▶ DATASET SECTION

+--

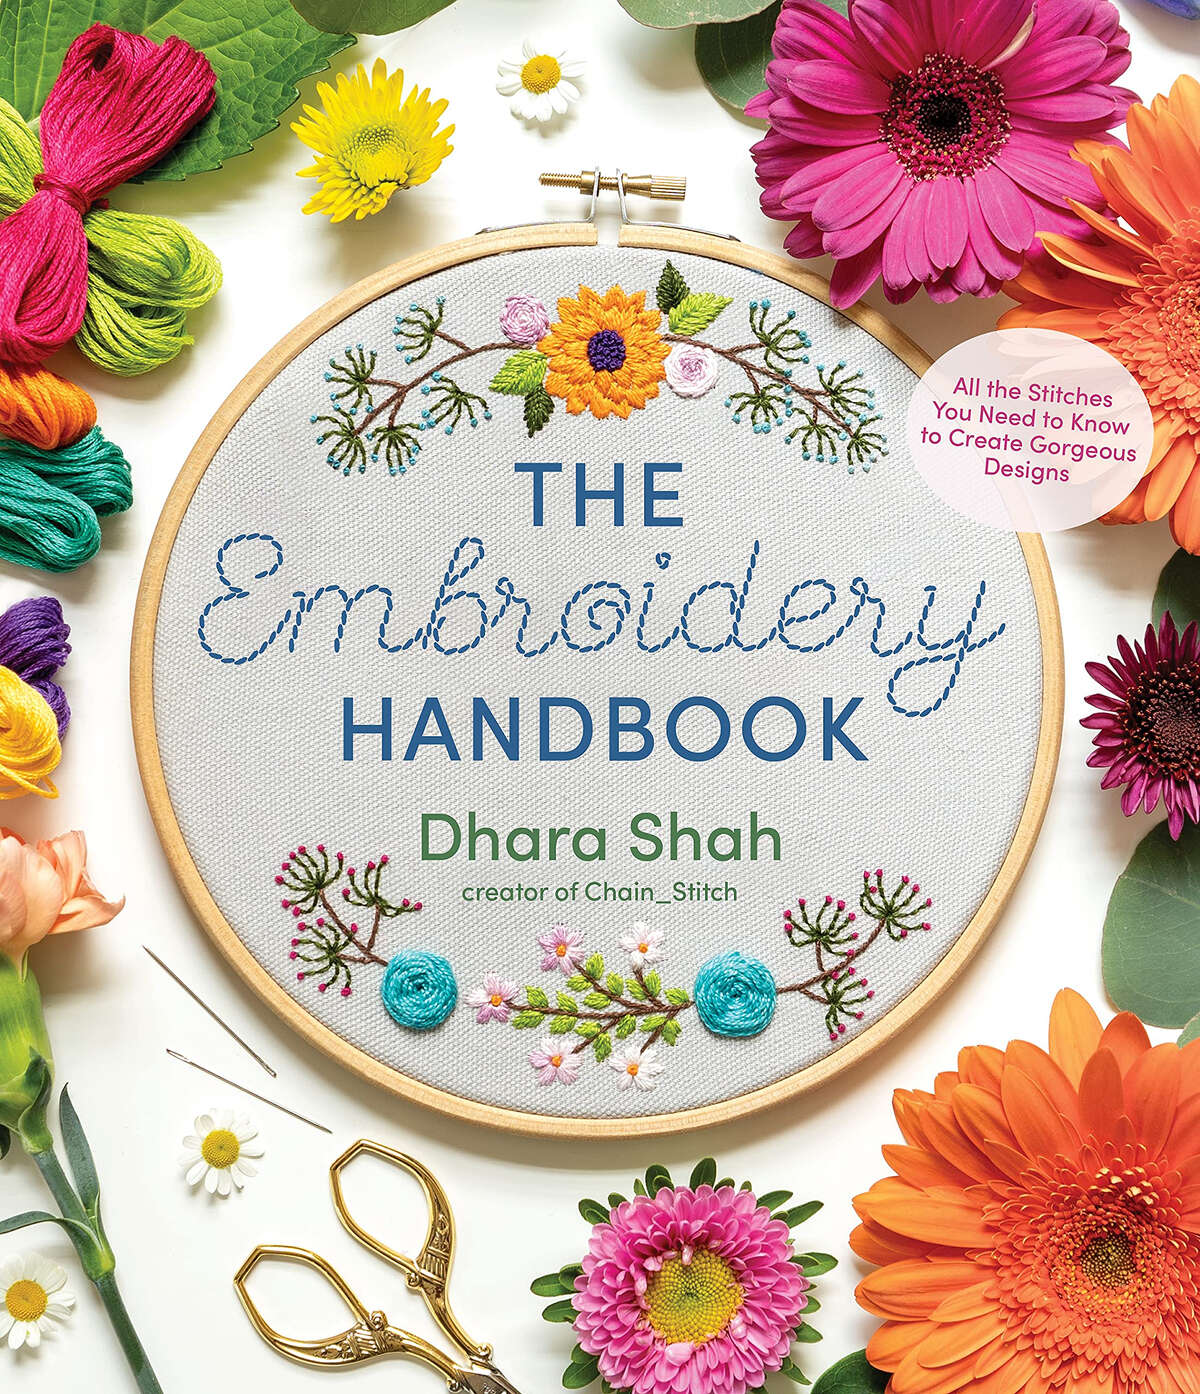 "The Embroidery Handbook"
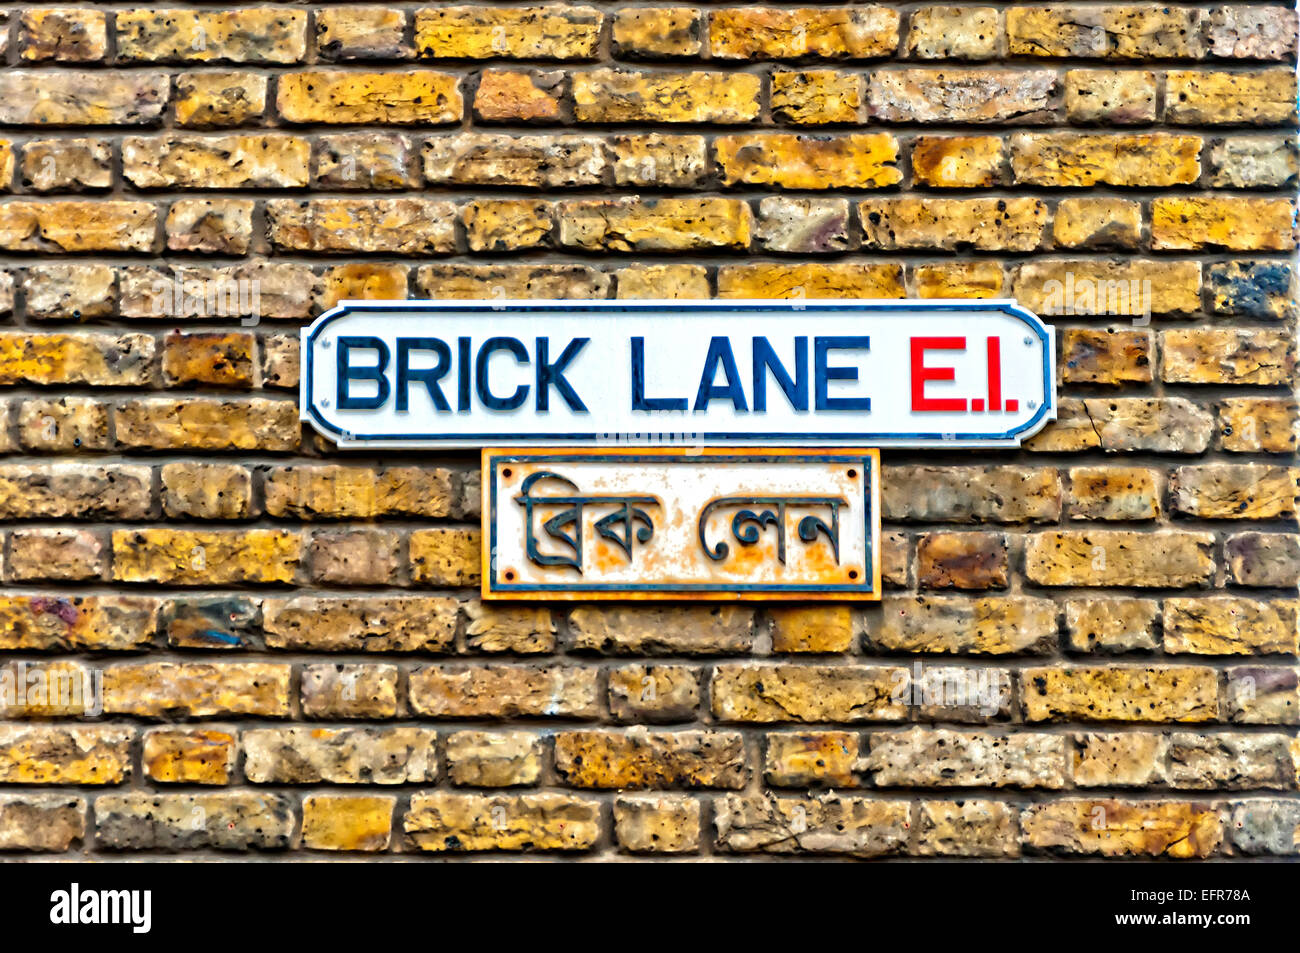 Brick Lane street sign in East End, Londres - Royaume-Uni Banque D'Images
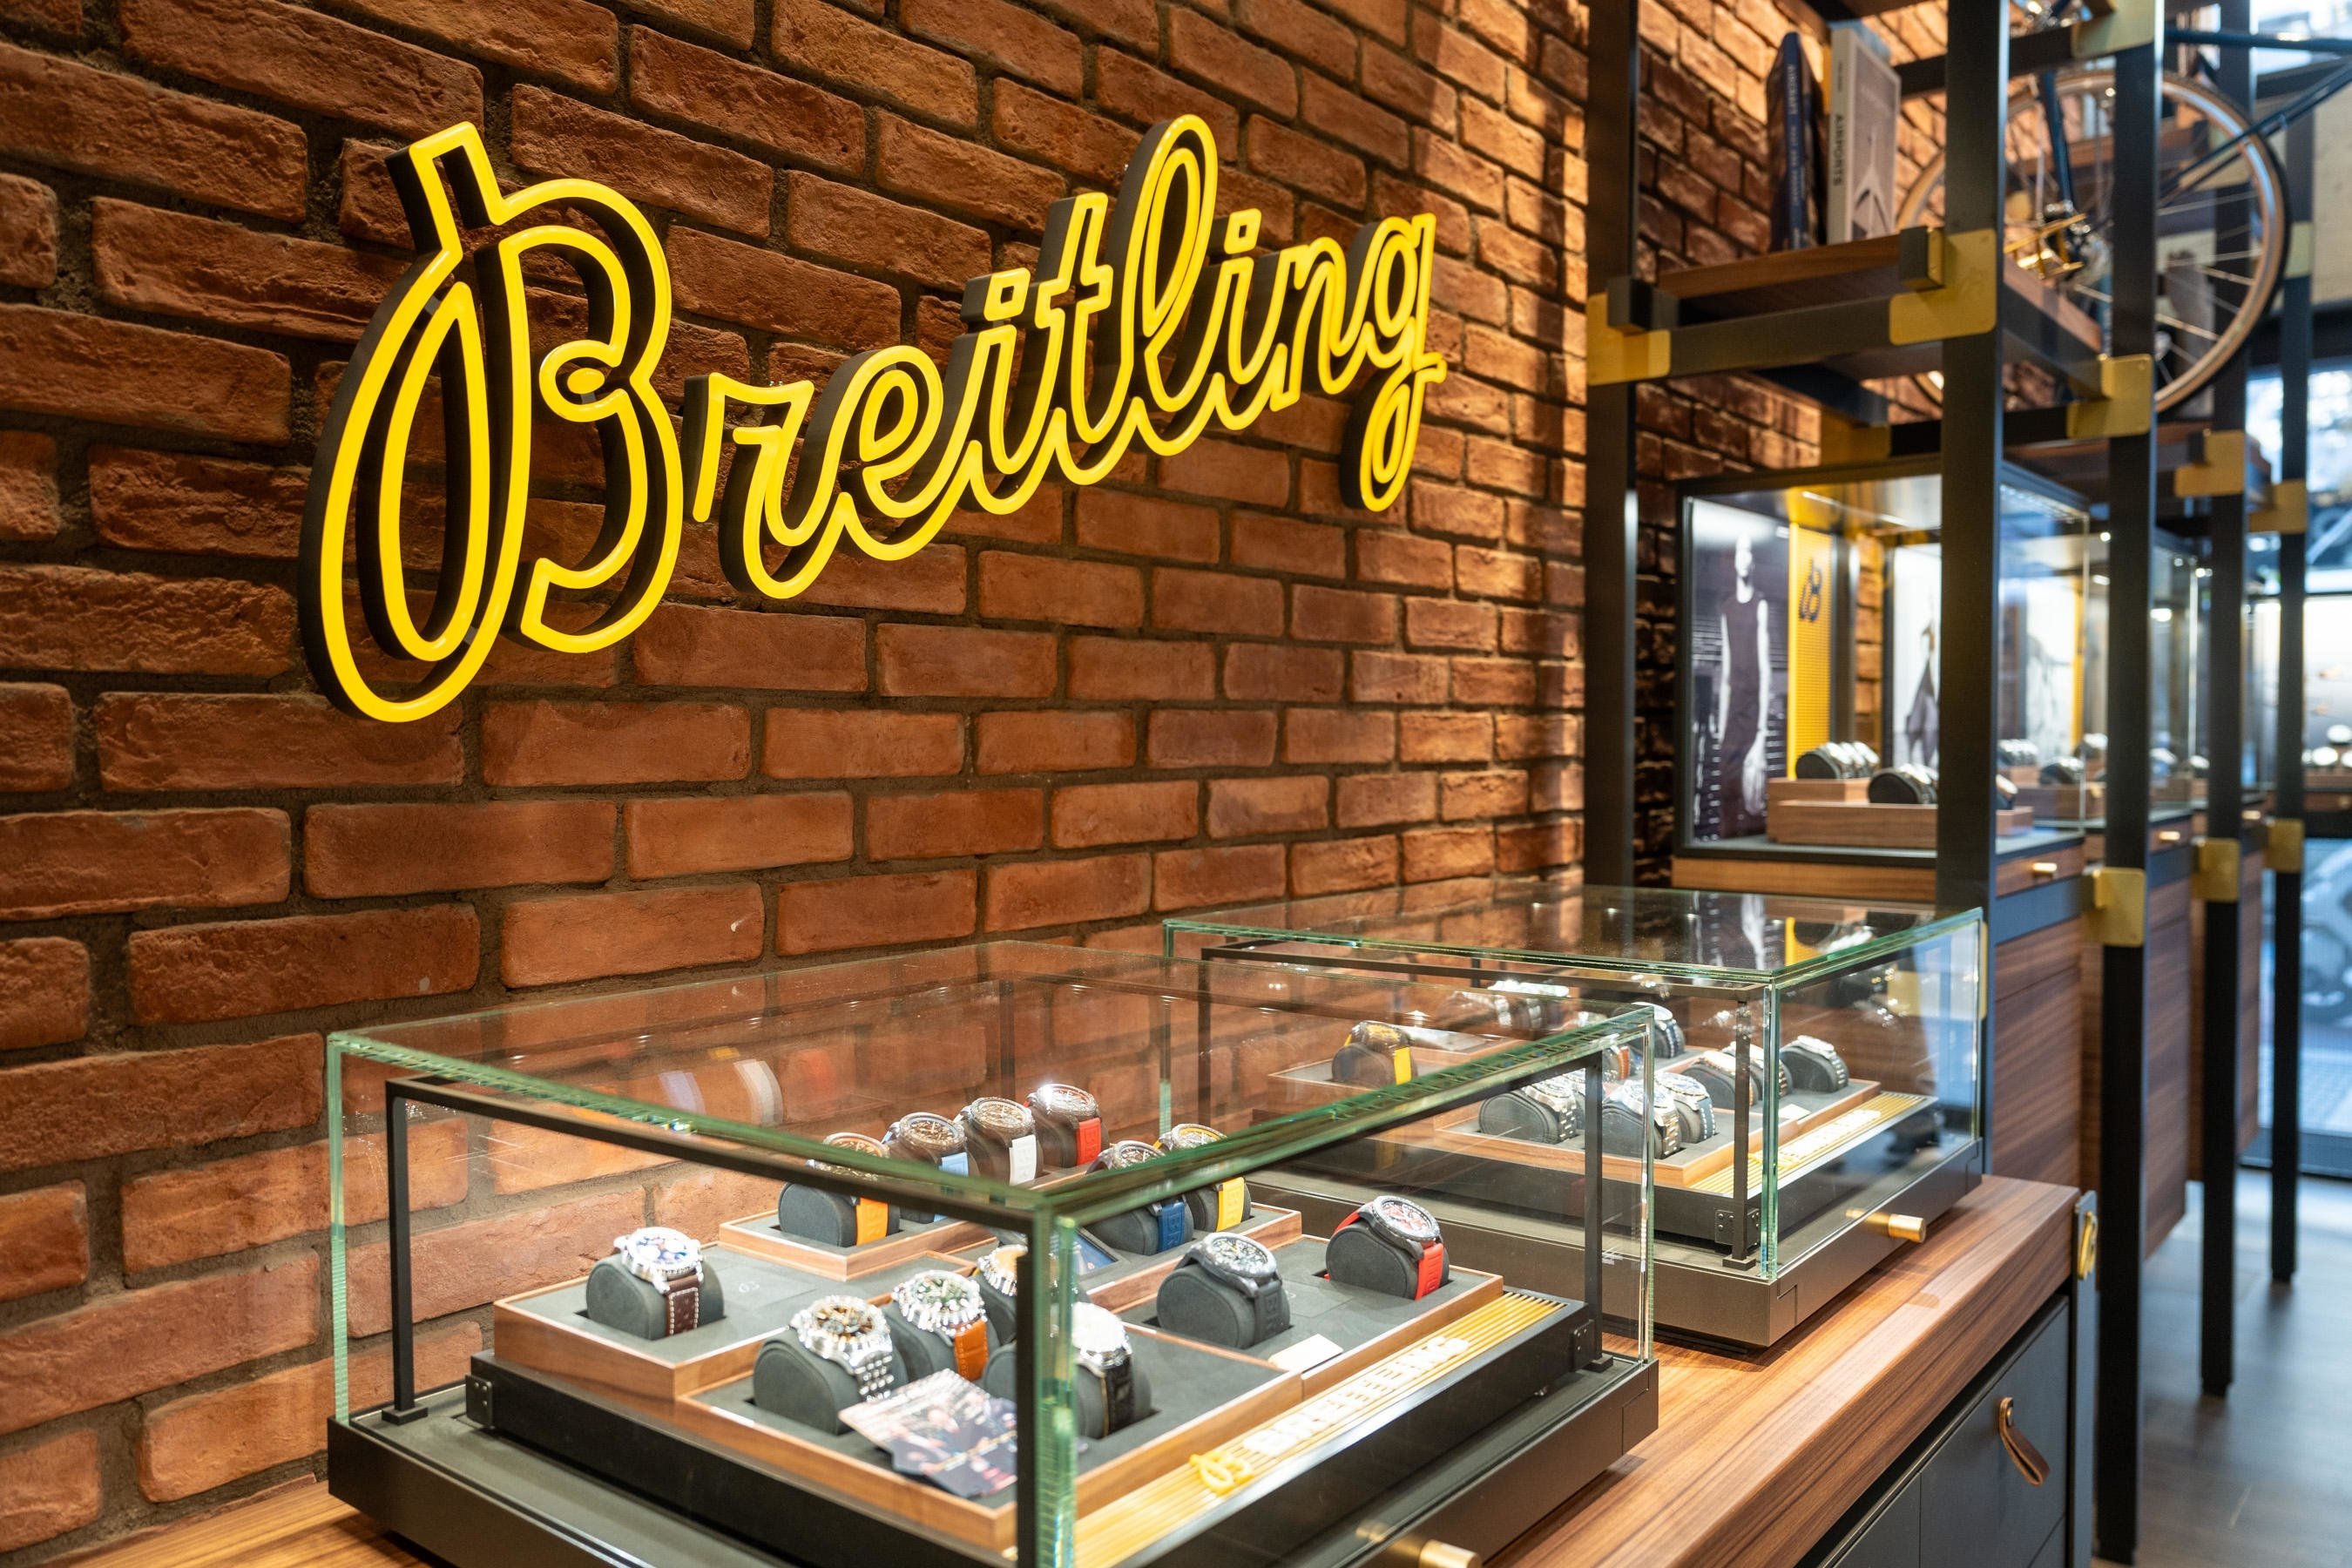 Breitling Boutique Thessaloniki

+--

▶ HOW TO COMPLETE THIS TASK
Write out the full listing verbatim, excluding its pictures.

▶ SOLVED PROBLEM
 "The Embroidery Handbook"
 Brick Lane street sign in East End, Londres - Royaume-Uni Banque D'Images
 Breitling Boutique Thessaloniki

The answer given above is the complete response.